What was the highest tip (measured in percentage of the original fee) ever given?

See the Answer

select
  total_amount as fee,
  tip_amount as tip,
  tip_amount / total_amount * 100 as tip_percentage
from ny_taxi_data
where total_amount > 0
order by 3 desc
limit 5

returns

 fee  | tip  |   tip_percentage
------+------+--------------------
  4.2 | 10.0 |  238.0952380952381
 18.2 | 25.0 | 137.36263736263737
 8.24 | 9.24 | 112.13592233009709
 0.66 | 0.66 |              100.0
 0.01 | 0.01 |              100.0

Create Additional Dashboards

You also have the possibility to create additional charts and bundle them together in a Dashboard. Have a look at the Superset documentation on how to do that.

Load Additional Data

You can use the MinIO webinterface to upload additional data. As an alternative you can use the S3 API with an S3 client like s3cmd. It is recommended to put the data into a folder (prefix) in the demo bucket.
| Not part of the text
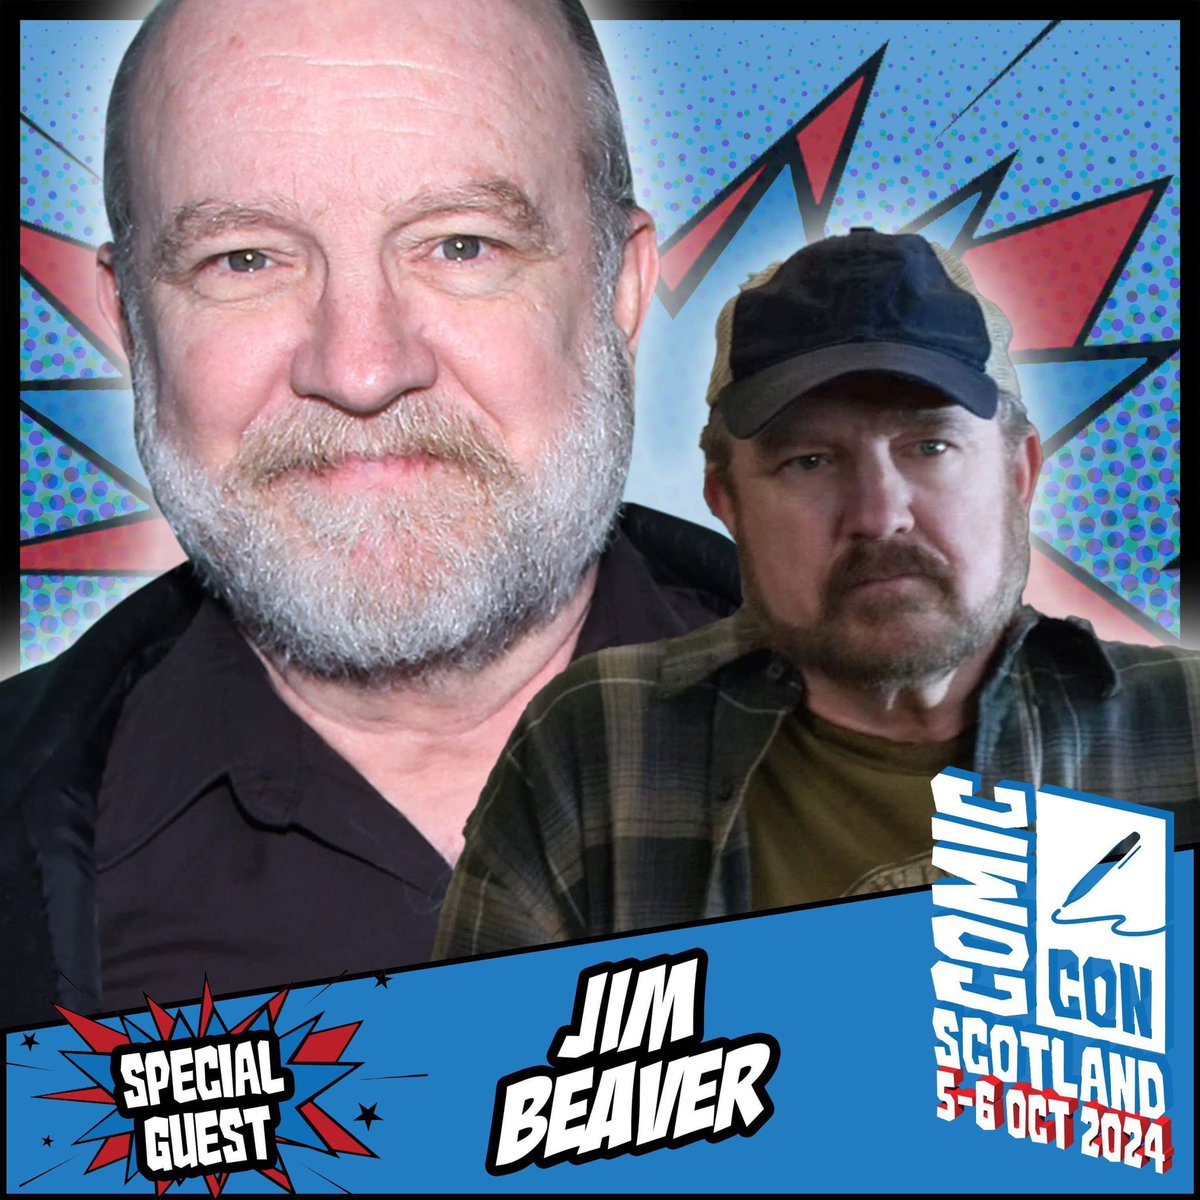 Comic Con Scotland welcomes Jim Beaver, known for projects such as Supernatural, Deadwood, The Boys, and many more. Appearing 5-6 October! Tickets: comicconventionscotland.co.uk

Have a look at the defined tables inside the hive.demo schema on how to inform Trino about the newly available data.

Table Definitions

show create table hive.demo.ny_taxi_data_raw

produces something like

CREATE TABLE IF NOT EXISTS hive.demo.ny_taxi_data_raw (
  VendorID BIGINT,
  tpep_pickup_datetime TIMESTAMP,
  tpep_dropoff_datetime TIMESTAMP,
  passenger_count DOUBLE,
  trip_distance DOUBLE,
  payment_type BIGINT,
  Fare_amount DOUBLE,
  Tip_amount DOUBLE,
  Total_amount DOUBLE
) WITH (
  external_location = 's3a://demo/ny-taxi-data/raw/',
  format = 'parquet'
)

If you want to transform or filter your data in any way before using it e.g. in Superset you can create a view as follows:

show create view hive.demo.ny_taxi_data

produces something like

create or replace view hive.demo.ny_taxi_data as
select
  vendorid,
  tpep_pickup_datetime,
  tpep_dropoff_datetime,
  date_diff('minute', tpep_pickup_datetime, tpep_dropoff_datetime) as duration_min,
  passenger_count,
  trip_distance,
  case payment_type when 1 then 'Credit card' when 2 then 'Cash' when 3 then 'No charge' when 4 then 'Dispute' when 6 then 'Voided trino' else 'Unknown' end as payment_type,
  fare_amount,
  tip_amount,
  total_amount
from hive.demo.ny_taxi_data_raw
where tpep_pickup_datetime >= from_iso8601_timestamp('2019-12-01T00:00:00')
and tpep_pickup_datetime <= from_iso8601_timestamp('2022-05-31T00:00:00')

Connect to Trino via CLI, Python or DBeaver

If you prefer running your SQL statements via command-line, a Python script or a graphical Database manager like DBeaver please have a look at the the Trino documentation on how to do that.